◆ Instructions to follow:
Copy exactly. Begin at the line containing "Before-after nudes of" and stop at the last line of the entries, omitting any pictures.
━━━━━━━━━━━━━━━━━━━━
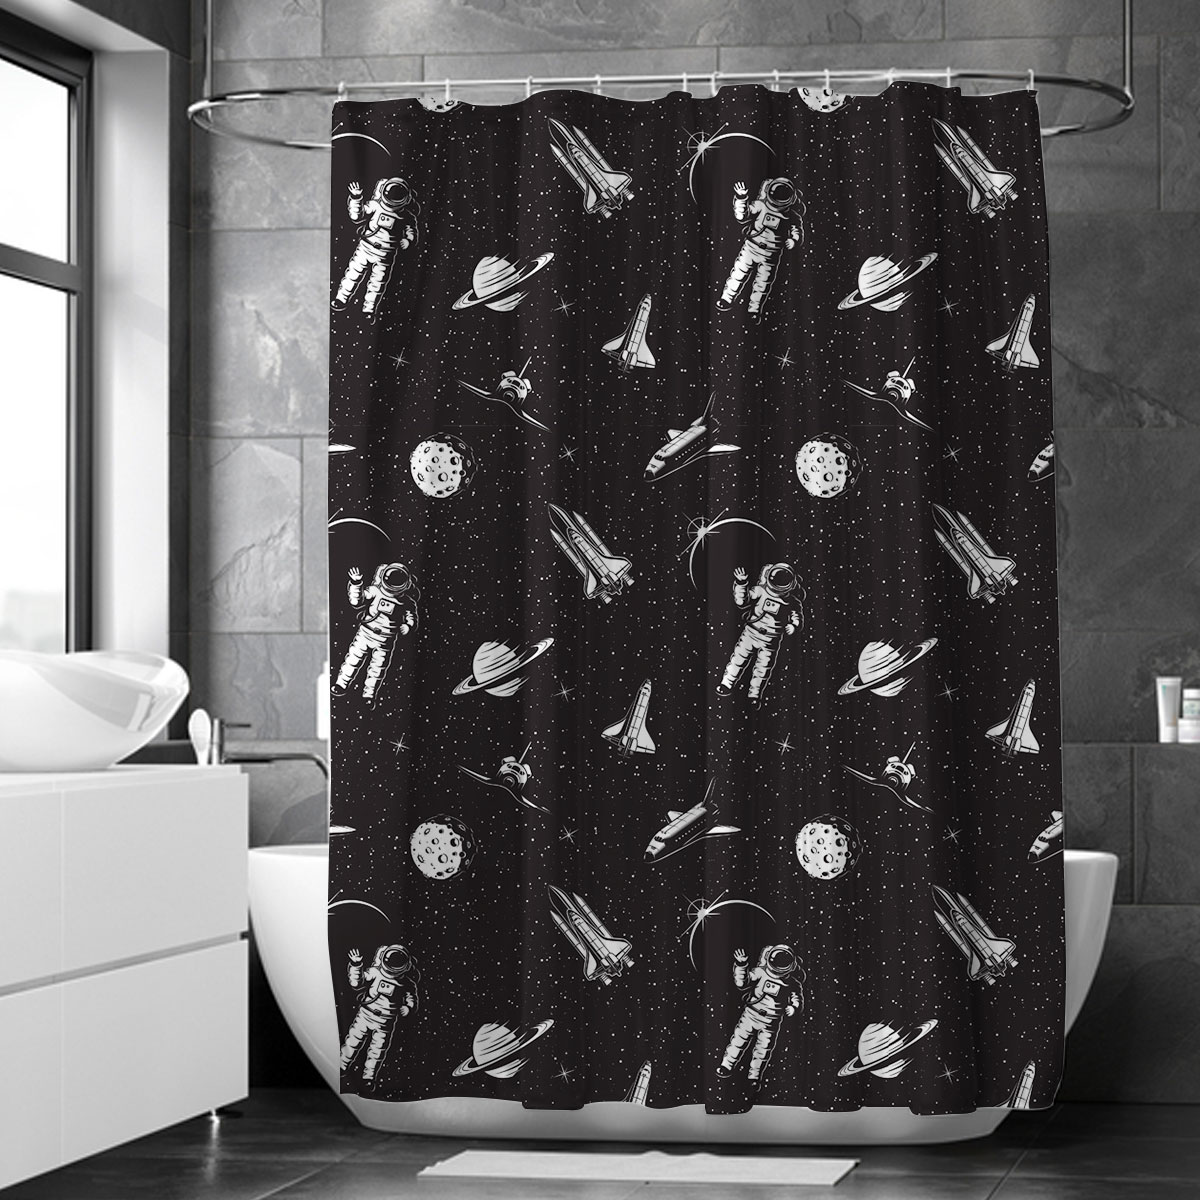 3D Black And White Astronaut Shower Curtain
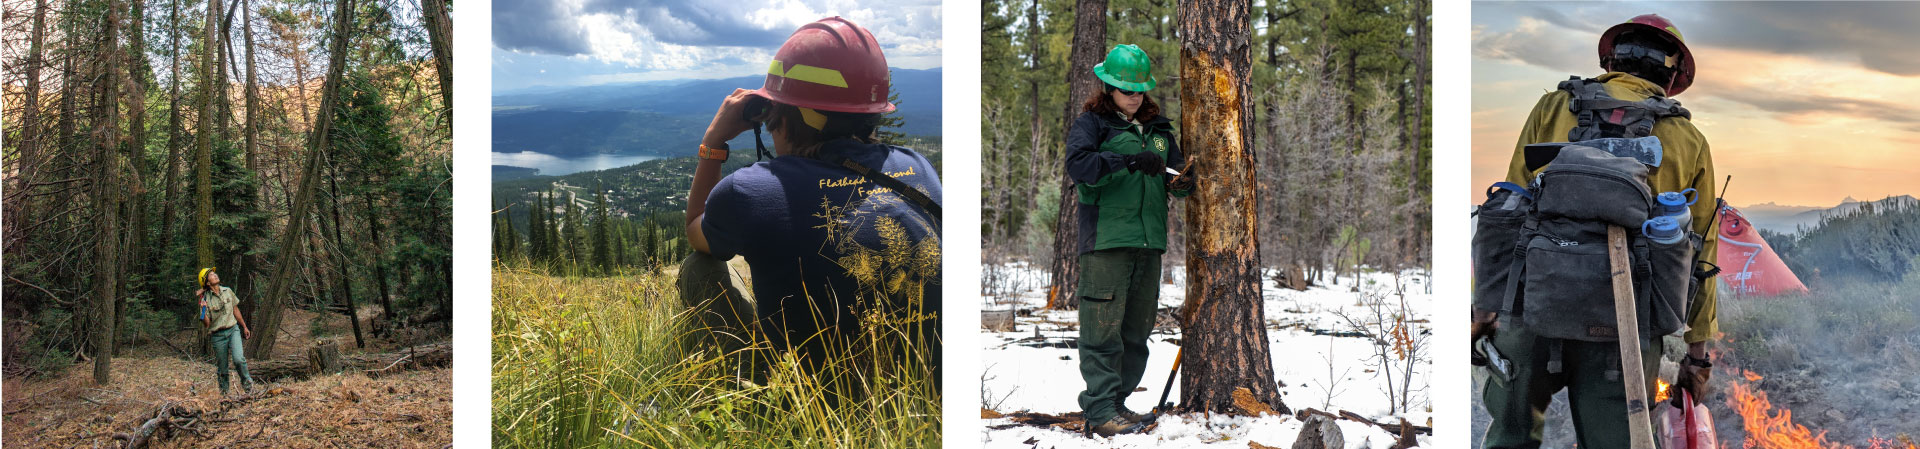 pictures of a person standing in a forest, a person on a hill, person stand by a tree, and a wildland firefighter
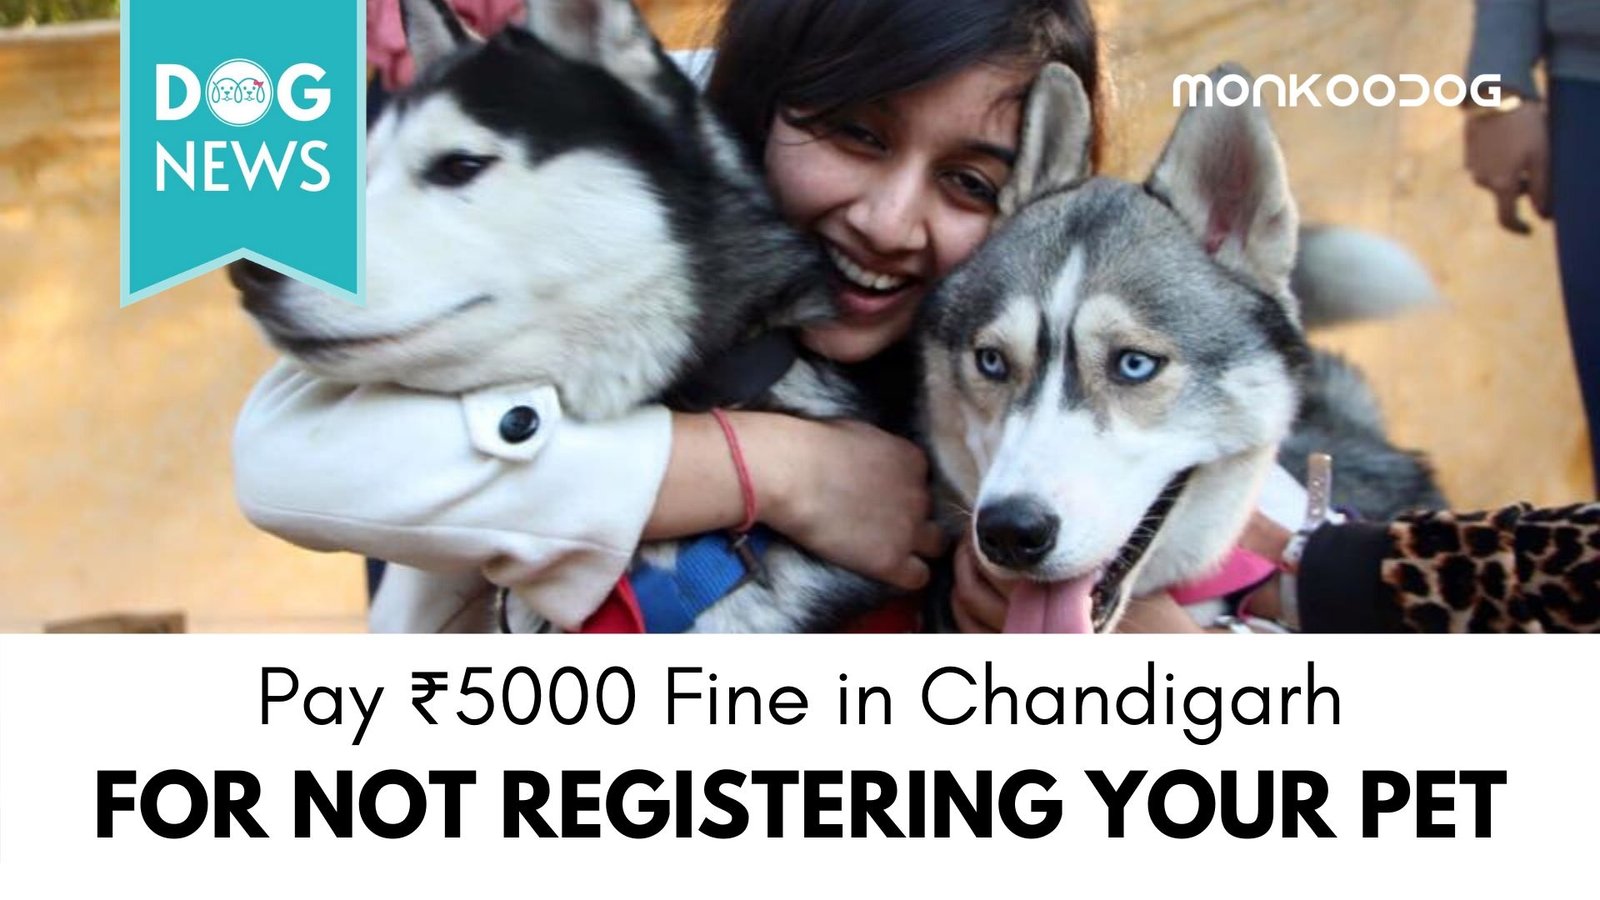 Chandigarh Residents Rush to Register Dogs Amidst the New Reformed Pet Law and Order in the City
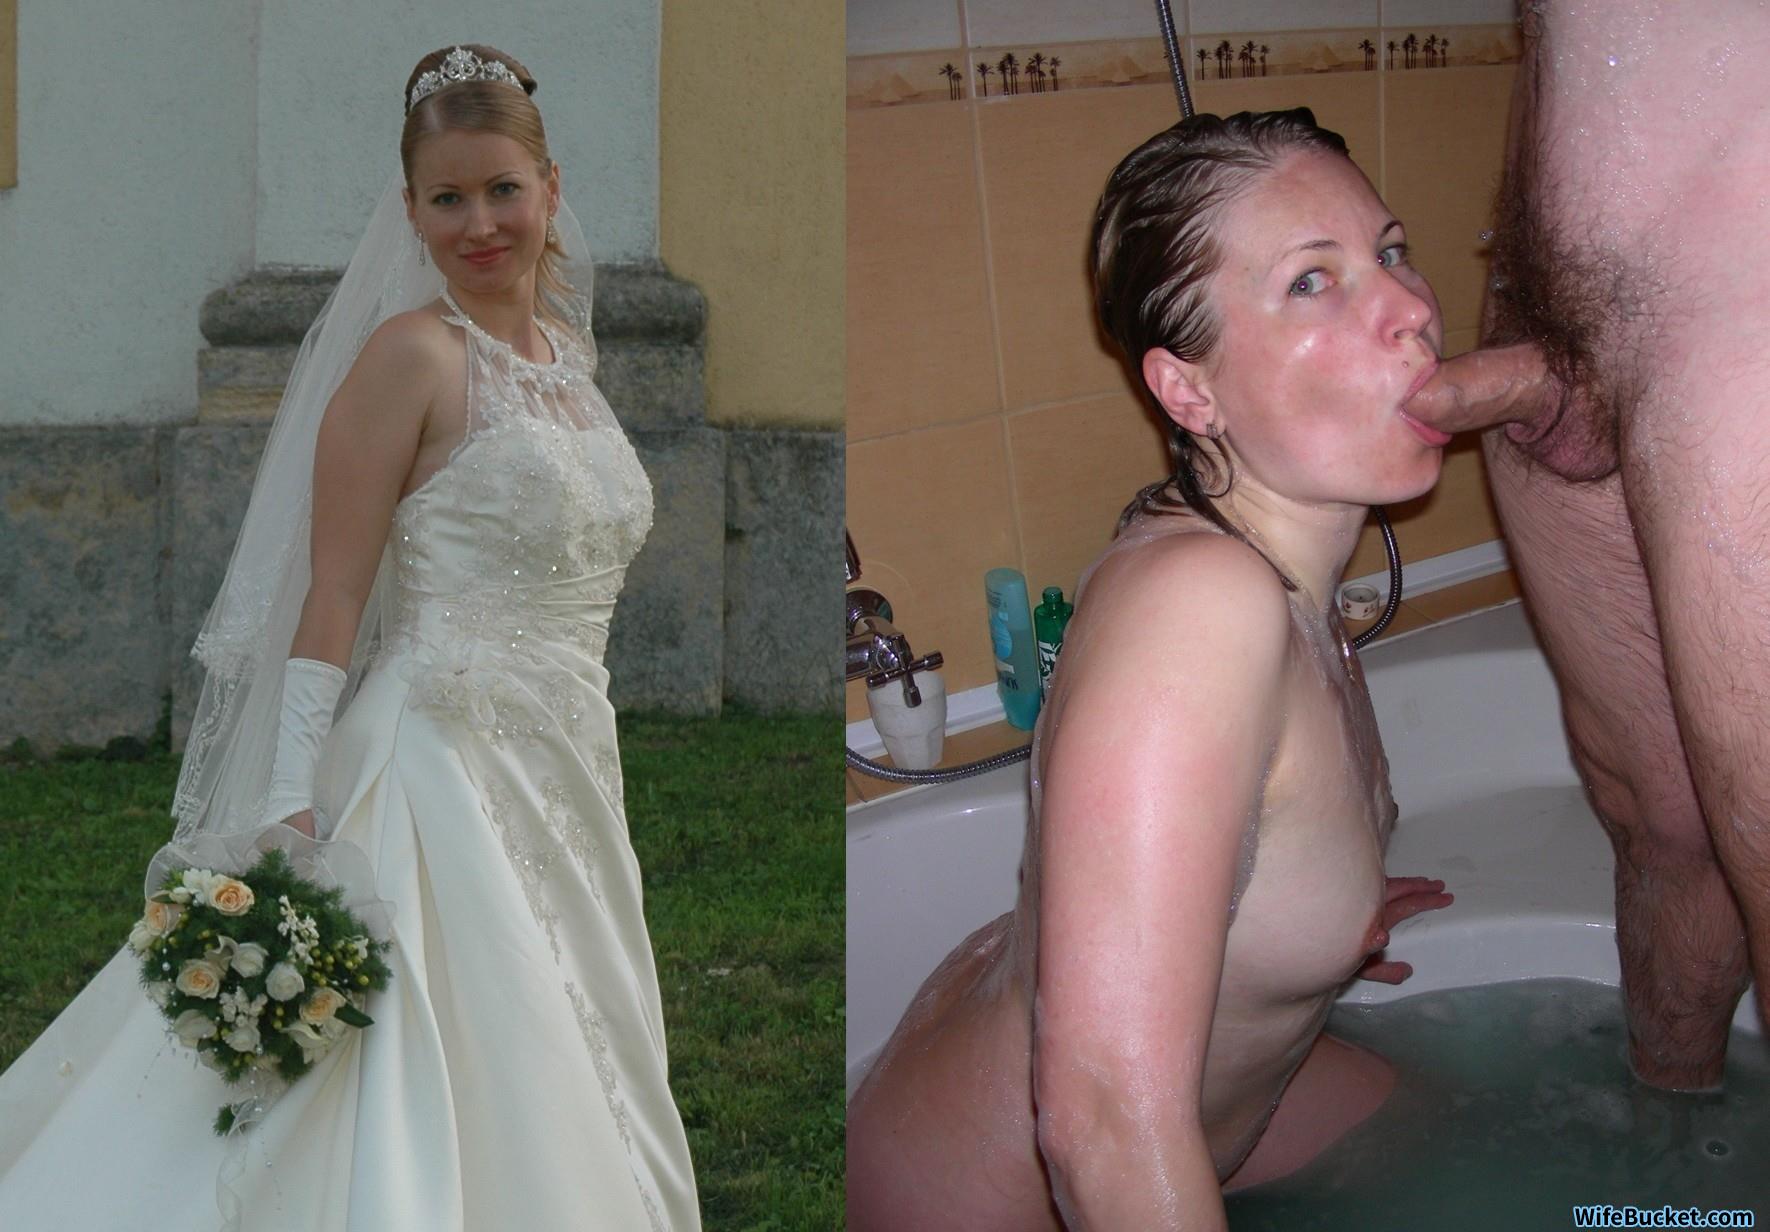 Before-after nudes of sexy amateur brides! Some home porn, too -) photo
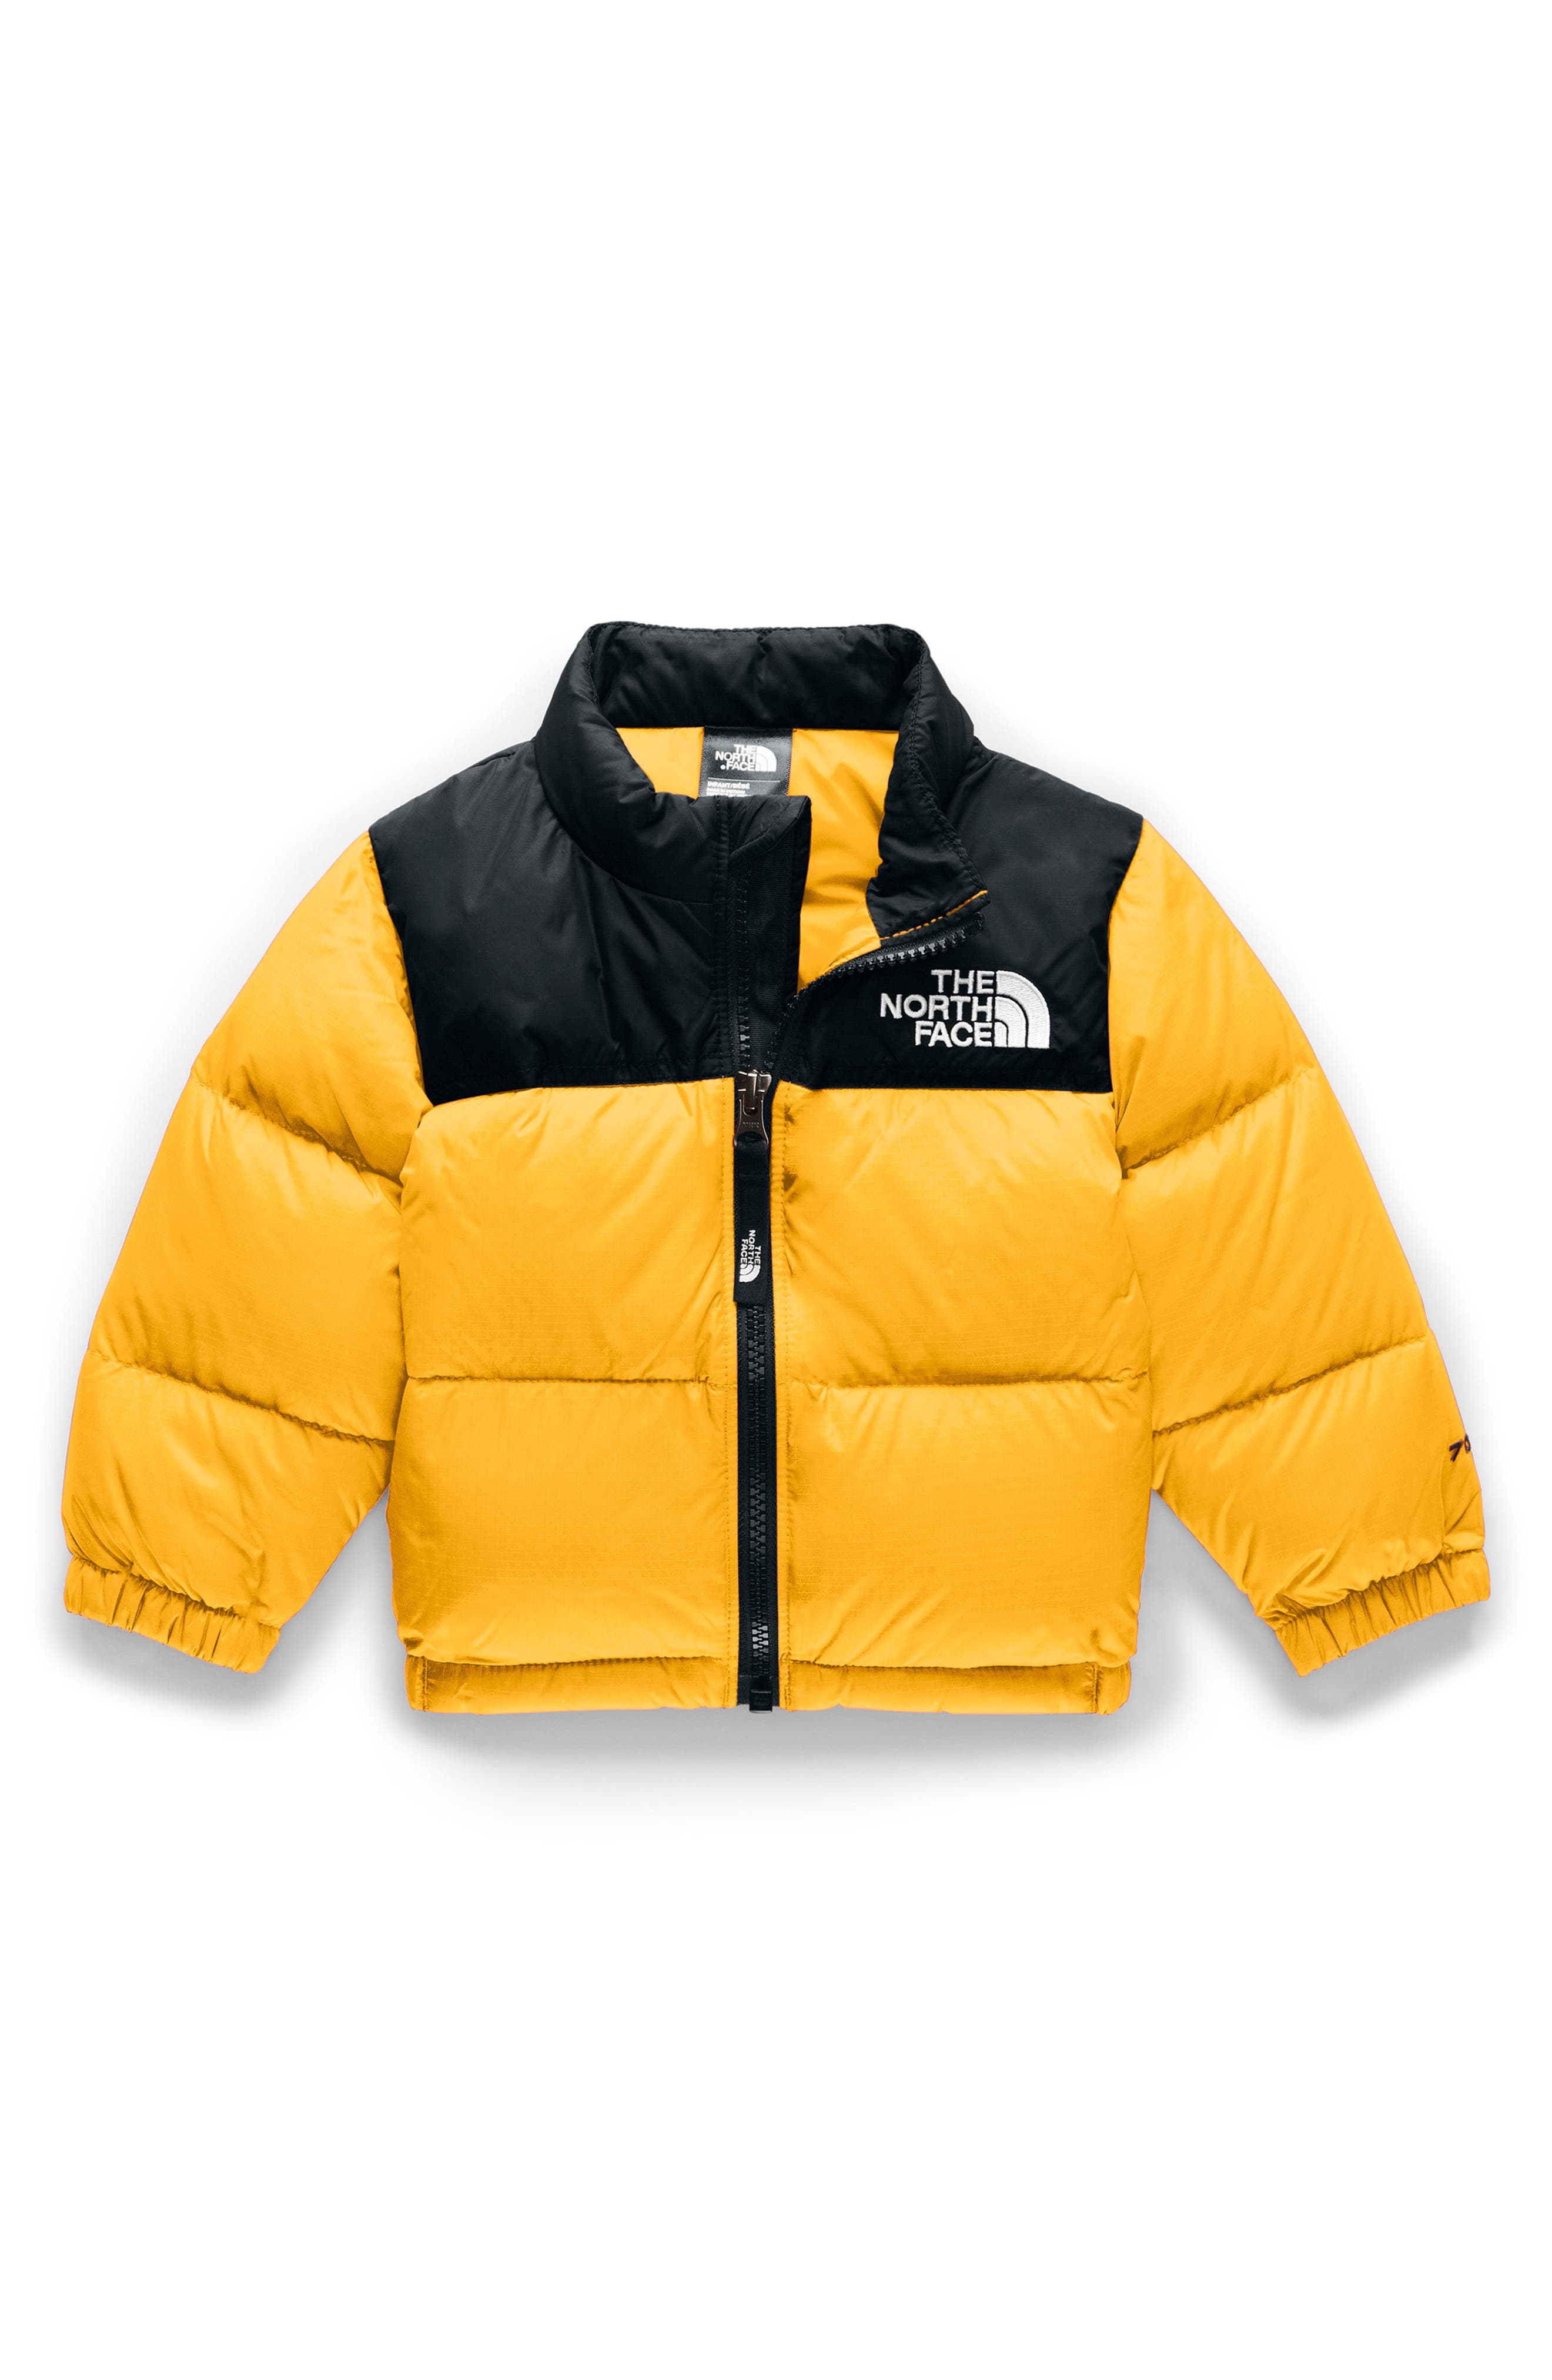 north face 700 down jacket
━━━━━━━━━━━━━━━━━━━━
◆ Output below:
 Before-after nudes of sexy amateur brides! Some home porn, too -) photo
 north face 700 down jacket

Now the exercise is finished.